Weeknotes 1554

closing loops

Weeknotes 1554


  • I guess I didn't really mention this last time but the first thing that happened when I started work again this year was one of my longest-running and most reliable clients dropping me. For good reason, to be clear—they have developed sufficient internal capacity such that they longer require my services, and good for them—and totally amicable, but it managed to arrest my recovery from mental tailspin and added a bit more spin of its own. It wasn't so much the question of money—other clients were already asking me if I had more capacity—but more adding to the sense that things I had felt stable were not.
  • Last weekend was when things came to a head—we were visiting some of CM's friends and I had what I guess was a brief dissociative episode? Many years ago I had knew someone who said that they rather liked dissociation as it was just a bit floaty, rather than the relentless grinding of their other mental health issues. At the time I didn't really get it but now I do. Not something I want to be doing every day, certainly, but I'm actually quite grateful that it happened: it provided the opportunity for a reset. As I was slowly coming back to myself, I sat down with pen and paper and listed out all of my worries, big and small. I isolated the ones that I could take action on there and then, did what I could, and then tried to plan how I could start tackling the bigger ones. I've been steadily doing so, and improving ever since.
  • I've also realised that I've got a lot of unclosed mental loops of various kinds, so I'm trying to write off projects that have hung around for too long unresolved, not start new things I can't finish, and cut loose commitments that I don't feel like I'm able to live up to or give the full measure of my energy. That has felt good, too. Admitting to myself that I can't do everything—and, nearing 30, no longer having the energy to just stay up late to substitute for that—isn't limiting, it's just acknowleging real, existing limits. Frankly, it's a relief.
  • There have also been lots of nice things too: coffees, dinners and parties with friends. There have been quite intense discussions of David Hume. I've made and delivered several birthday cakes. I've tried new types of meditation and hustled people at Scrabble. I've sat on the beach in the sun. I've got halfway to my lifting goals for this quarter. Seagull subscriber numbers are going 📈. When I wrote a list of my worries, I also wrote a list of things that make me happy, and it's all this stuff. In many ways, I already have the life I want: I just need to slow myself down a bit and enjoy it.
  • I'm writing this at quarter to five. The sun has, per my favourite sunrise time tracker, just set. But it's not fully dark! Soon, we won't be finishing work in the dark; we're on the slow creep to those lovely light, warm evenings where you can go for a wander at seven or eight in a t-shirt and it's still pleasant. I can't wait to wake up with the sunrise again.
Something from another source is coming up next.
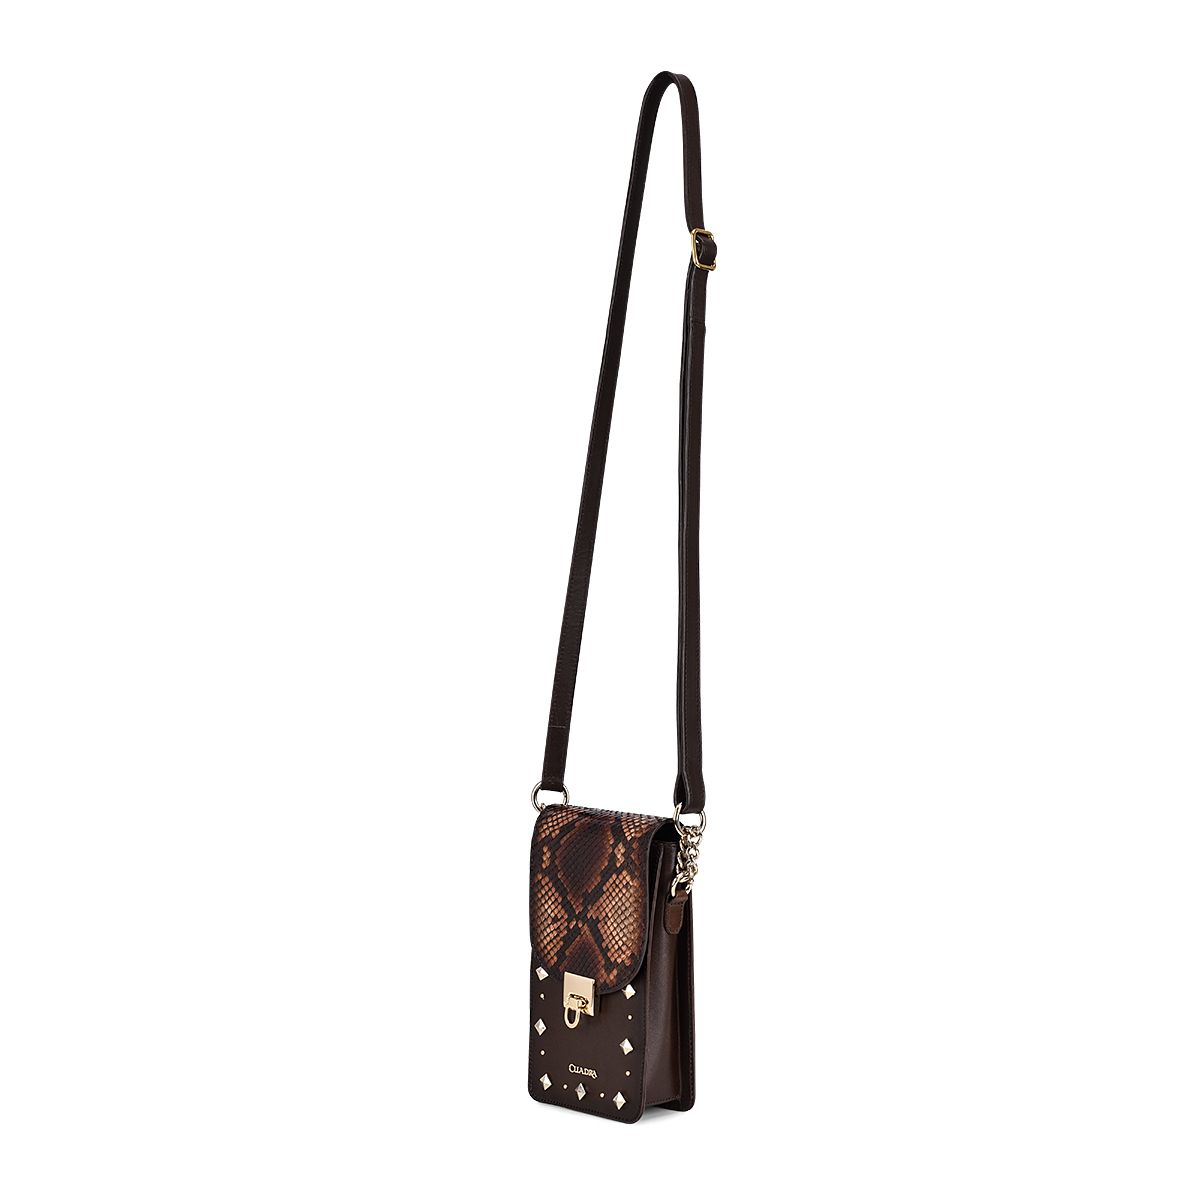 The bag comes with a versatile long strap. So it allows you to wear it crossbody or over your shoulder
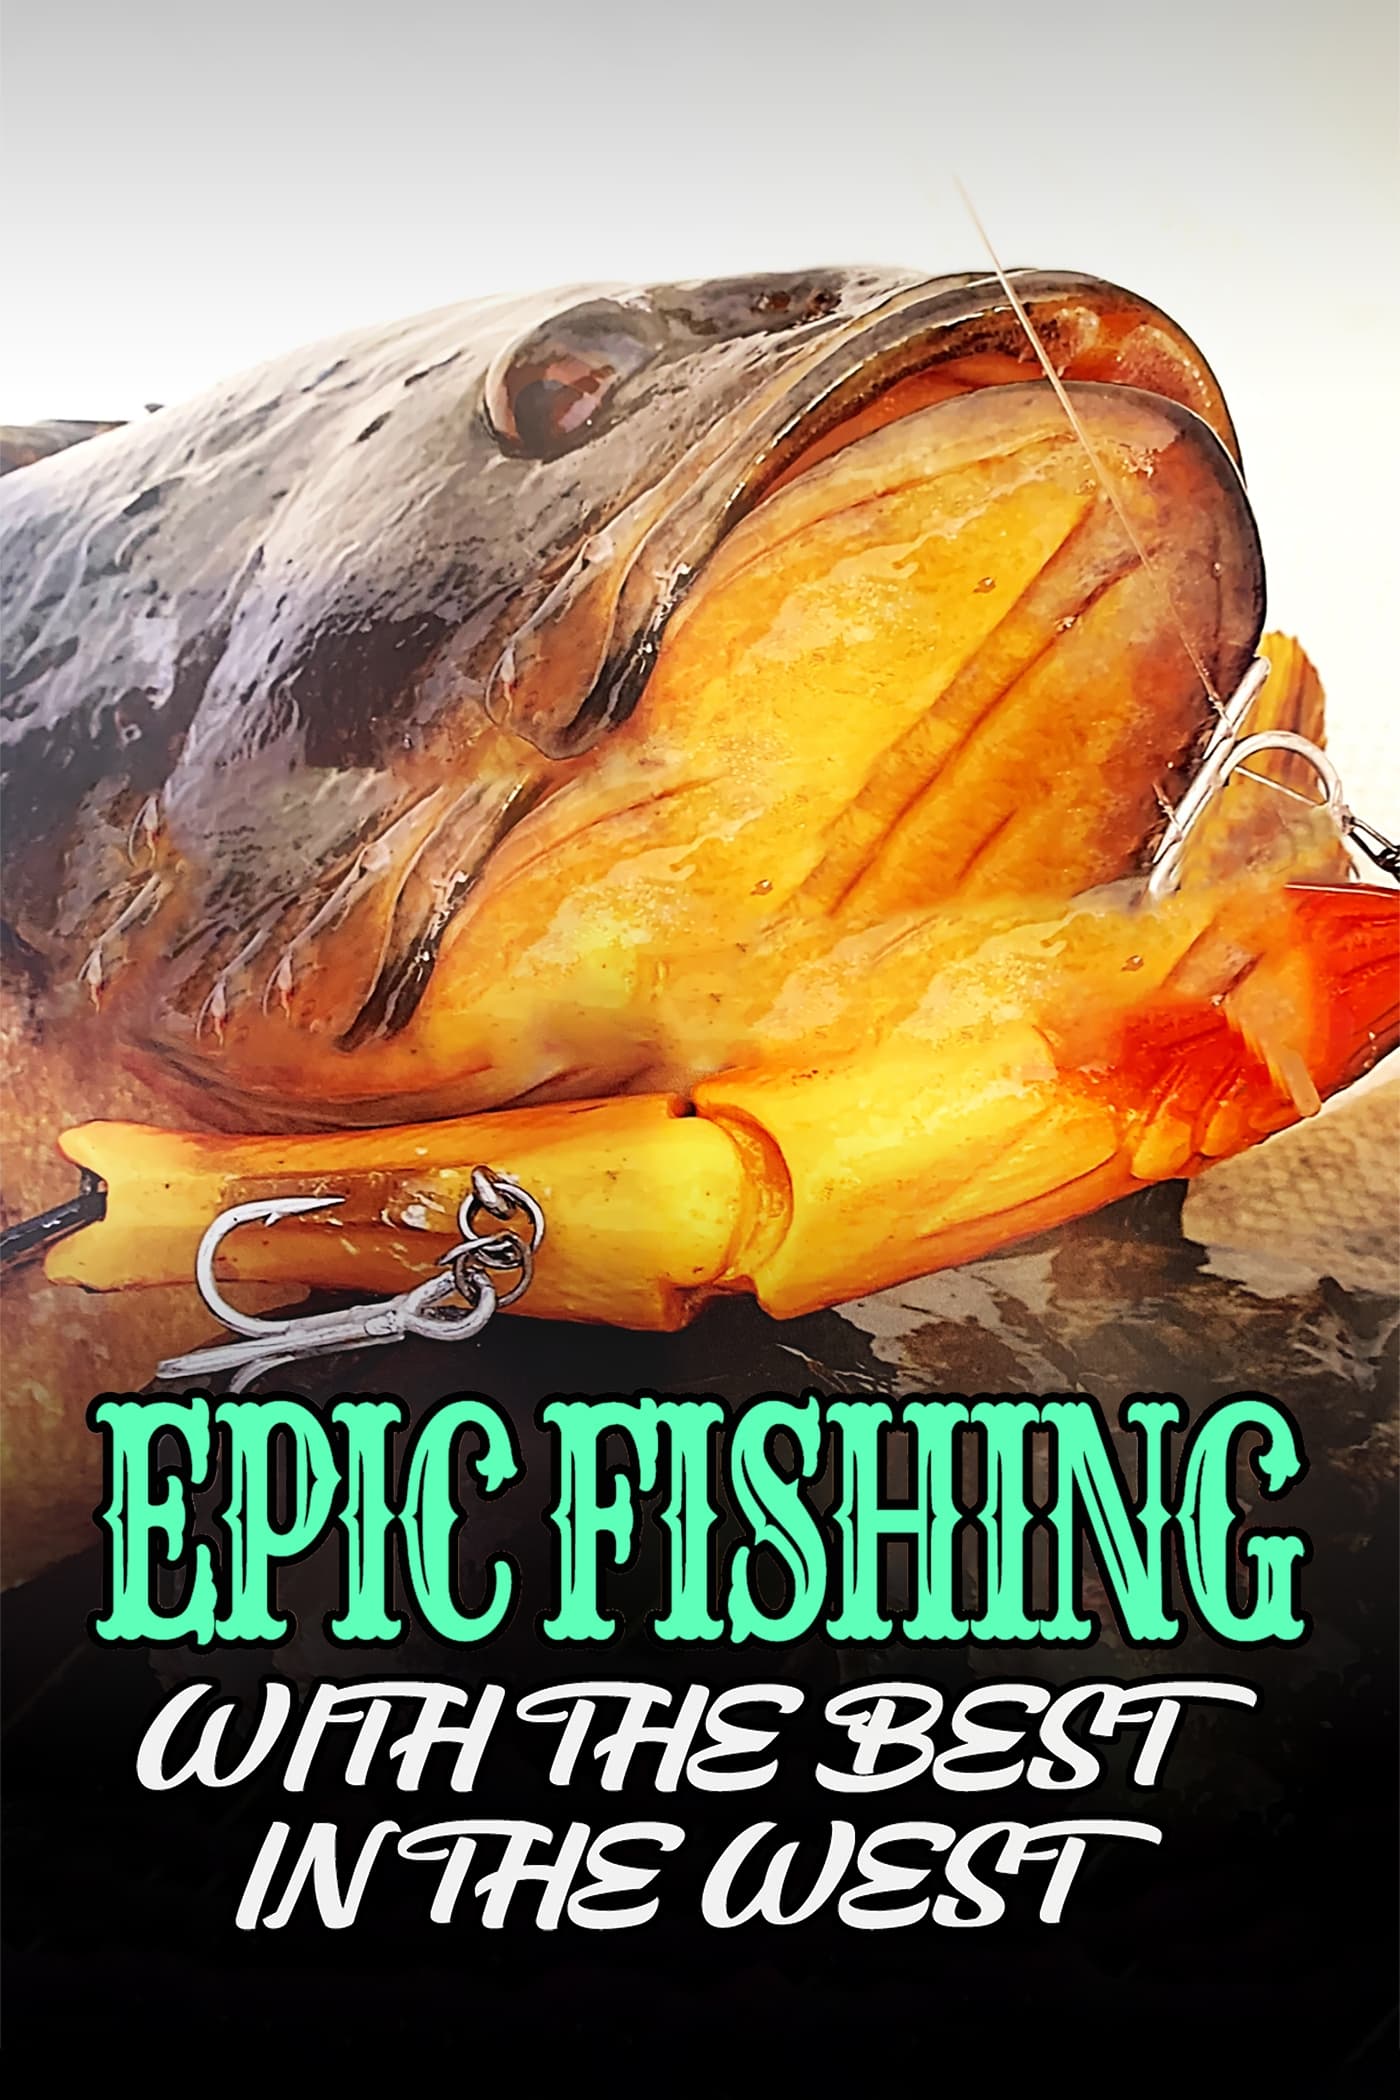 Epic Fishing with the Best in the West

  • I had a thought about how various ventures might be to do with a fear of infinity. This kind of thing would usually just be a tangent on Memhaz lol, the perils of getting old and being too busy/exhausted/absent to record every week. There was a while where we did 3 hours weekly for a year or something? Bonkers. Please, if you're in your early 20s: enjoy that while it lasts!
  • I wrote about another podcast idea that I had a while back which never actually got off the ground but which I would definitely like someone to do. Maybe if I've got a bit more time in 2027.
  • I also wrote something about trying to use carry my phone a bit less. Speaking of Old Memhaz—this is very ATP of me, I think. Still: it helps a bit, I think.

A bit thin, for obvious reasons. Write as much as you can, y'know?


I wrapped up Oliver Burkeman's Four Thousand Weeks and will be noting it up soon hopefully; as I got through it I felt more and more... affected? I'm quite a sentimental guy at the best of times but this really got to me. All books like this are a few core insights padded with references to philosophy and examples to create emotional resonance and ensure understanding but this all really did resonate. I think before getting my ADHD diagnosis I had a certain idea of how I should be productive and thought the problem was with me for not being able to reach it, and now I'm medicated and can get a bit closer to that, I'm realising that, in fact, that idea was wrong all along anyway. I've been reading Burkeman's newsletter for ages but I found a lot of the things he mentions there are developed more thoroughly and feel more... integratable(?) in the book. Notes coming soon but as I say: really good, and for me at least, the right thing at the right time.

I'm also starting on the next few books for my masculinity exploration project, and after reading an interesting review of a book about him in the LRB the other day (and having my brother go on about something of his a while back), I've picked up the selected works of GK Chesterton from the library, so that should be fun.


I would be remiss if I didn't mention the delightful space rock of friend of the blog Andy's band Jemp Lalion, whose first two singles are out now. I've also been listening to jazz pianist Gerald Clayton's Bells On Sand, standout track for me being Just A Dream, an appropriately dreamlike song with ethereal vocals floating over the top of the piano.

I've also been listening to the album of the Viennese New Year's concert which I caught on BBC2 on New Year's Day. Lots of Strauss, very energetic :)

Keep it real, everyone. Over and out.